Most rail companies will not implement positive-train-control (PTC) technology by the end of the year, as current law requires, according to a Government Accountability Office (GAO) report released this week. Meanwhile, at least some rail companies say they may stop service, if Congress does not pass legislation to extend the PTC-compliance deadline, according to a letter from a top transportation official.

Beltway sources indicate that federal lawmakers—and the Obama administration—agree that the PTC deadline should be changed, and a five-year extension to Dec. 31, 2020, is included in the surface-transportation legislation passed by the Senate earlier this year. A House surface-transportation bill is still “under development” and no timetable has been established to introduce such legislation, according to Jim Billimoria, communications director for the House Committee on Transportation and Infrastructure.

House Transportation and Infrastructure Committee Chairman Bill Shuster (R-Pa.) and Senate Commerce Committee Chairman John Thune (R-S.D.) were among the leading lawmakers that requested the GAO report on the PTC initiative. Shuster pledged to work on legislation that would extend the PTC deadline.

“This GAO report confirms that the PTC mandate is not achievable, and extending the deadline is essential to preventing significant disruptions of both passenger and freight rail service across the country,” Shuster said in a prepared statement.  “I am committed to working with Senator Thune and our colleagues to address the clear need for an extension and to ensuring that railroads implement this important but complicated safety technology in a responsible manner.”

Thune echoed this sentiment.

“Passenger and freight railroads need time beyond the current deadline to finish implementation of a complex system that relies on new technology,” Thune said in a prepared statement. “Failure to extend this legal deadline would create significant hardships for customers and passengers who rely on railroads.
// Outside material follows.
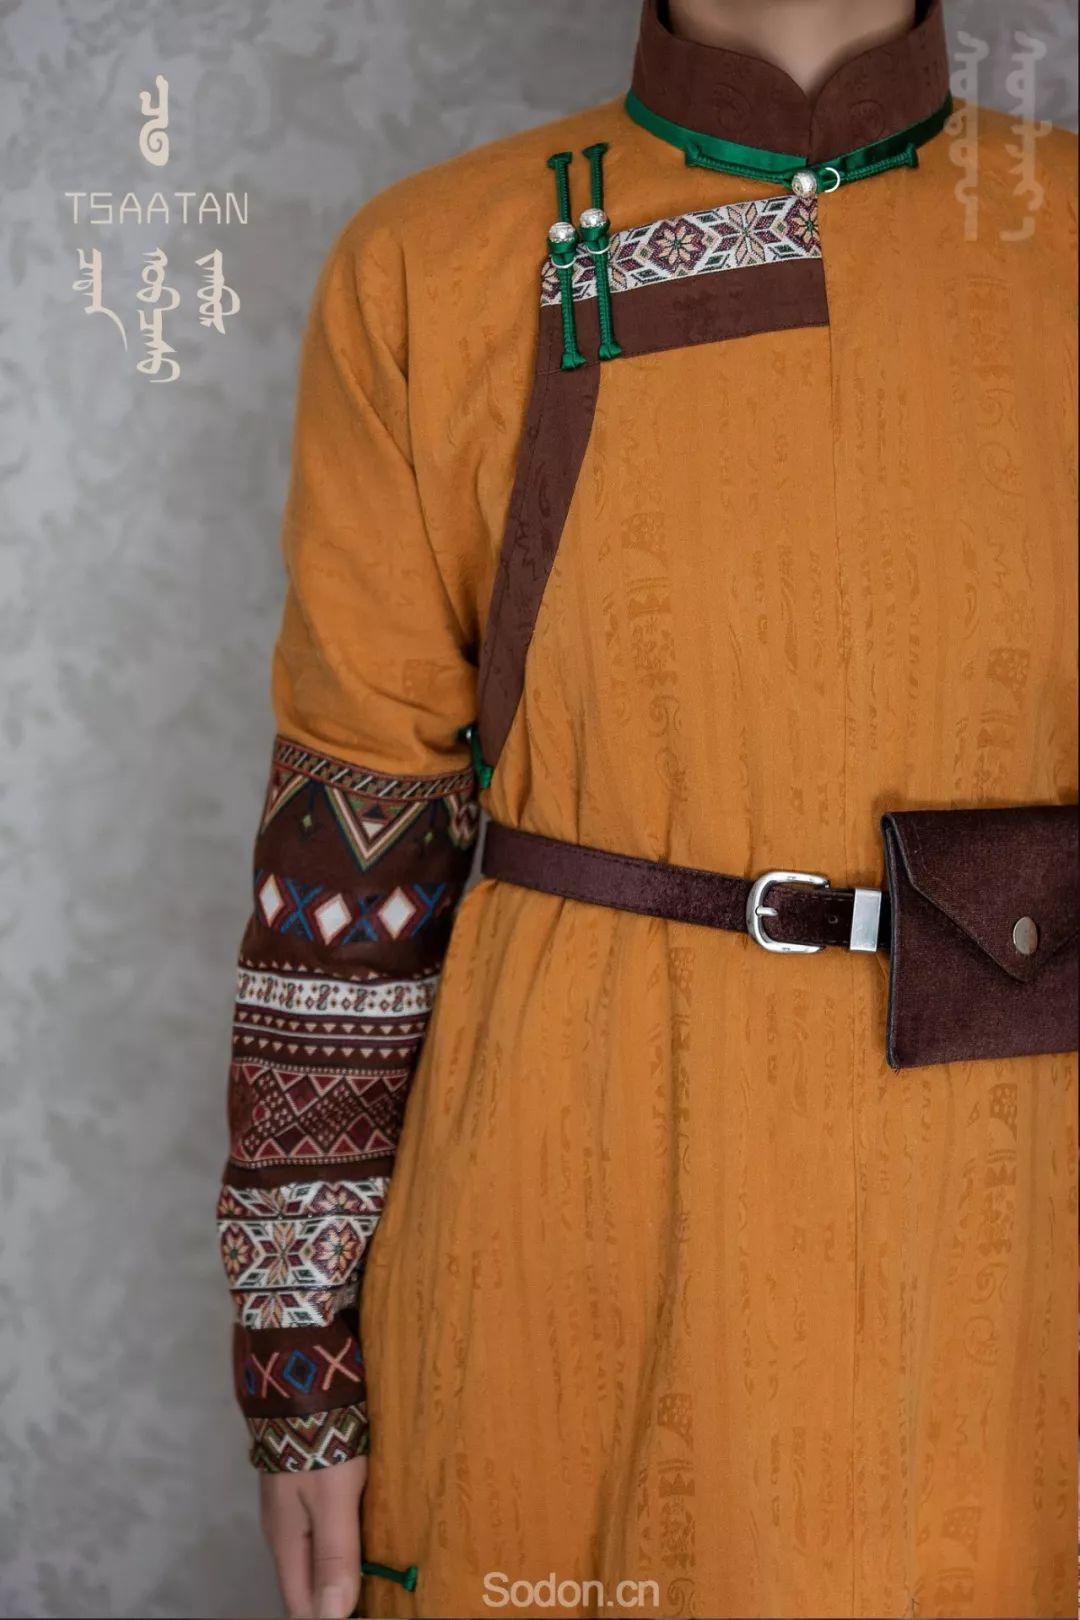 TSAATAN蒙古时装 2019夏季新款首发 第52张

Passing an extension that includes meaningful accountability for PTC implementation is the best thing Congress can do to enhance safety and avert a chaotic situation that would hurt our economy much more than the recent West Coast ports backup.”
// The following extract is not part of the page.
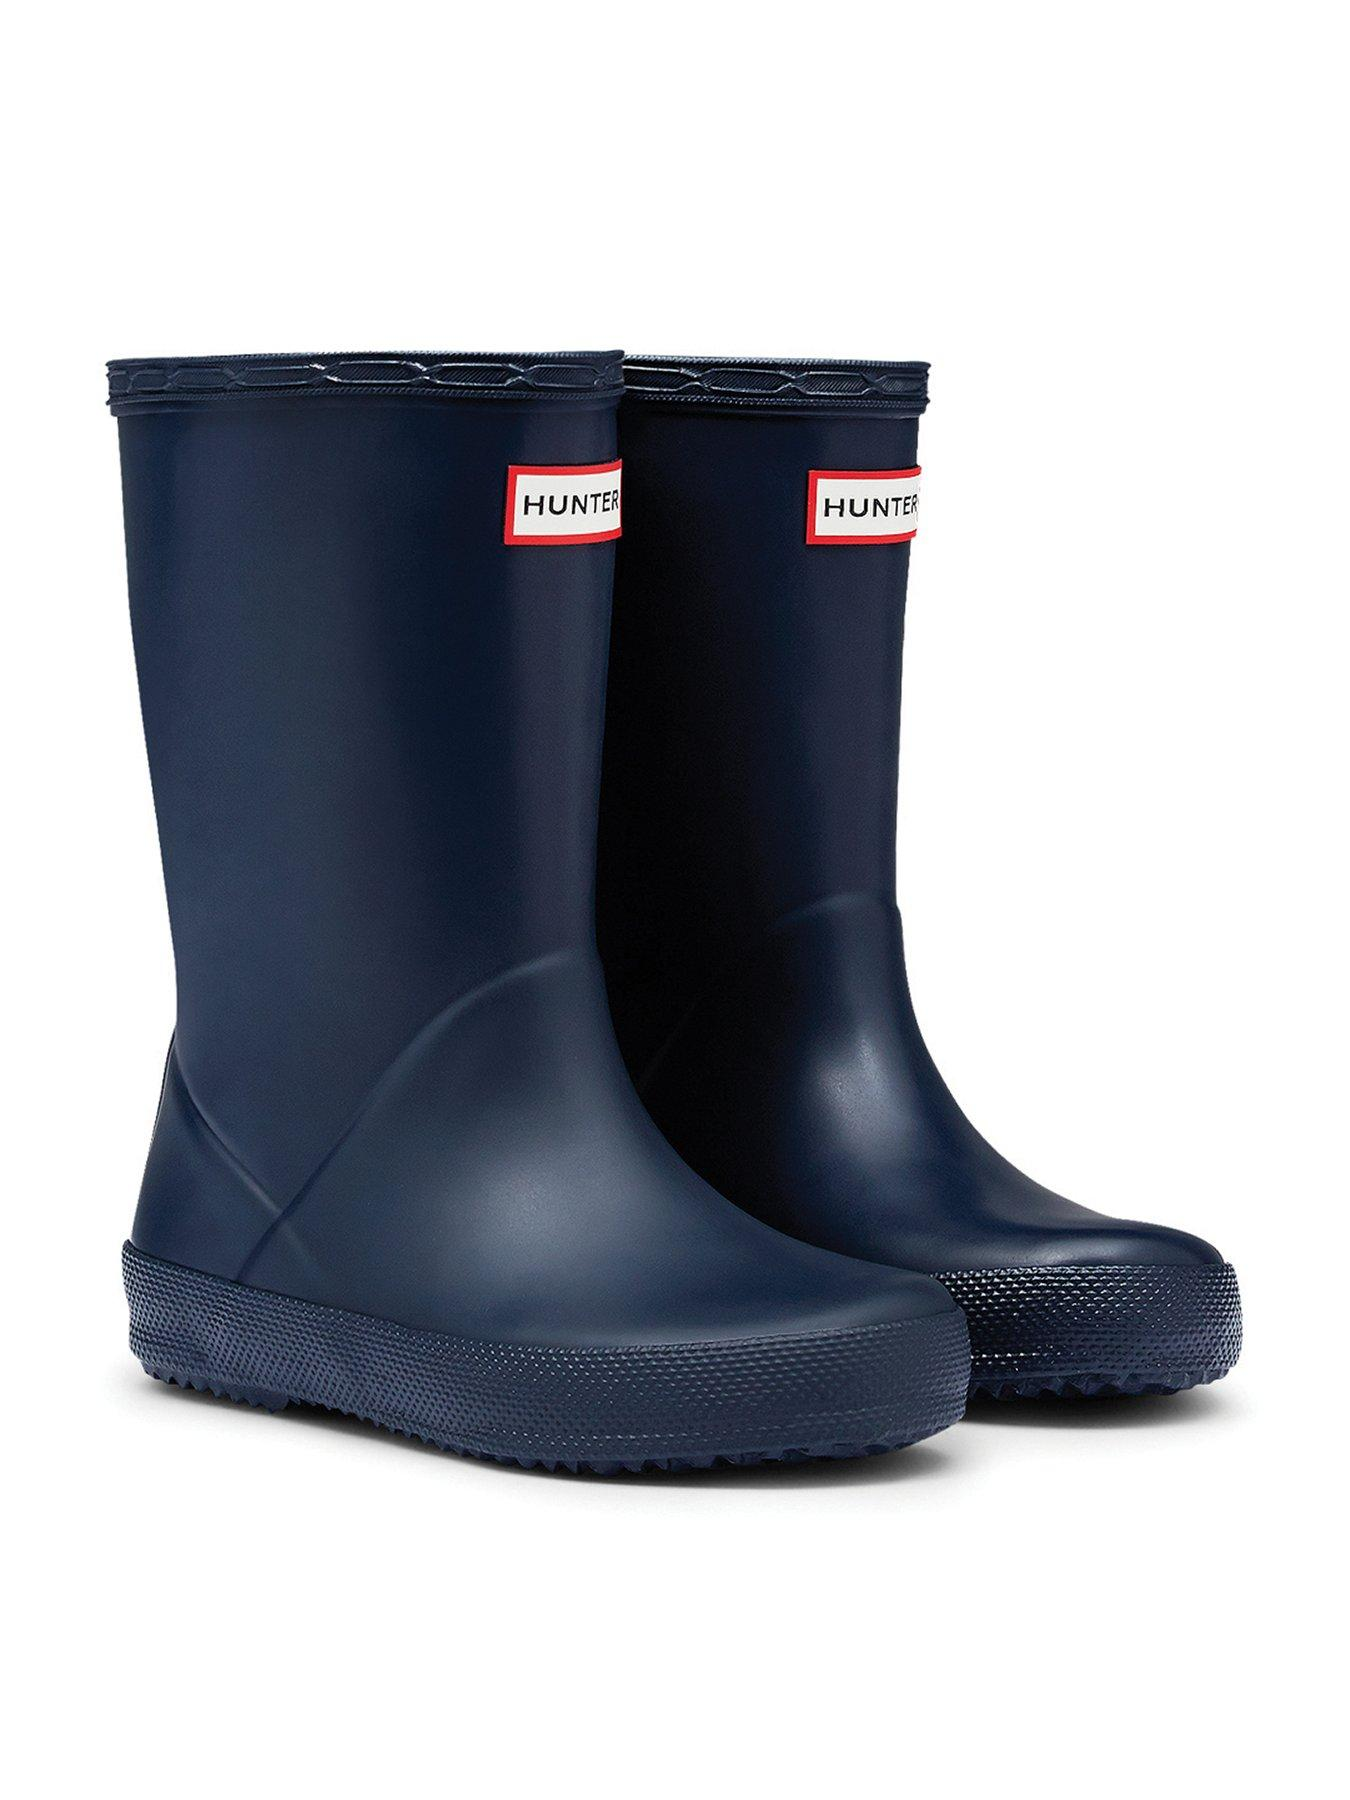 New Childrens//Unisex Navy Rubber Long Leg Wellington Boots UK Size

With the vast majority of rail companies stating that they will not be able to meet the end-of-the-year PTC deadline, the absence of an extension would force them to decide between two bad options: Cease operations or continue operating in violation of federal law, which could make them vulnerable to myriad legal liabilities and even potential regulatory enforcement action.

In fact, the BNSF Railway Company informed the Surface Transportation Board in a letter that it would not meet the PTC deadline and “offered the possibility that ‘neither passenger nor freight traffic would operate on BNSF lines that are required by federal law and regulation to have an interoperable PTC system’ after the current deadline,” according to a letter from Surface Transportation Board Chairman Daniel Elliott to Thune.

Informal communications with rail companies indicate that other railroads also are considering suspension of their freight and passenger services, if Congress does not extend the PTC-compliance deadline, Elliott states in his letter.

If Congress does not extend the PTC-compliance deadline, rail companies will have a lot to consider, according to Elliott.

“Without commenting on the merits of any particular concern, it would seem that the railroads would be considering how noncompliance would affect them in matters such as: insurance coverage; exposure to tort or other commercial liability; labor-relations issues; and potential civil penalty assessments by the Federal Railroad Administration,” Elliott states in his letter.

Suspending service also has potential legal and regulatory pitfalls, in addition to the obvious negative business implications, Elliott said. Rail companies have common-carrier obligations “to provide service pursuant to a reasonable request.” If a carrier were to suspend its service due to a lack of compliance with the PTC laws, it “would present a case of first impression before the [Surface Transportation] Board,” Elliott states in his letter. “I cannot predict the outcome of such a case.”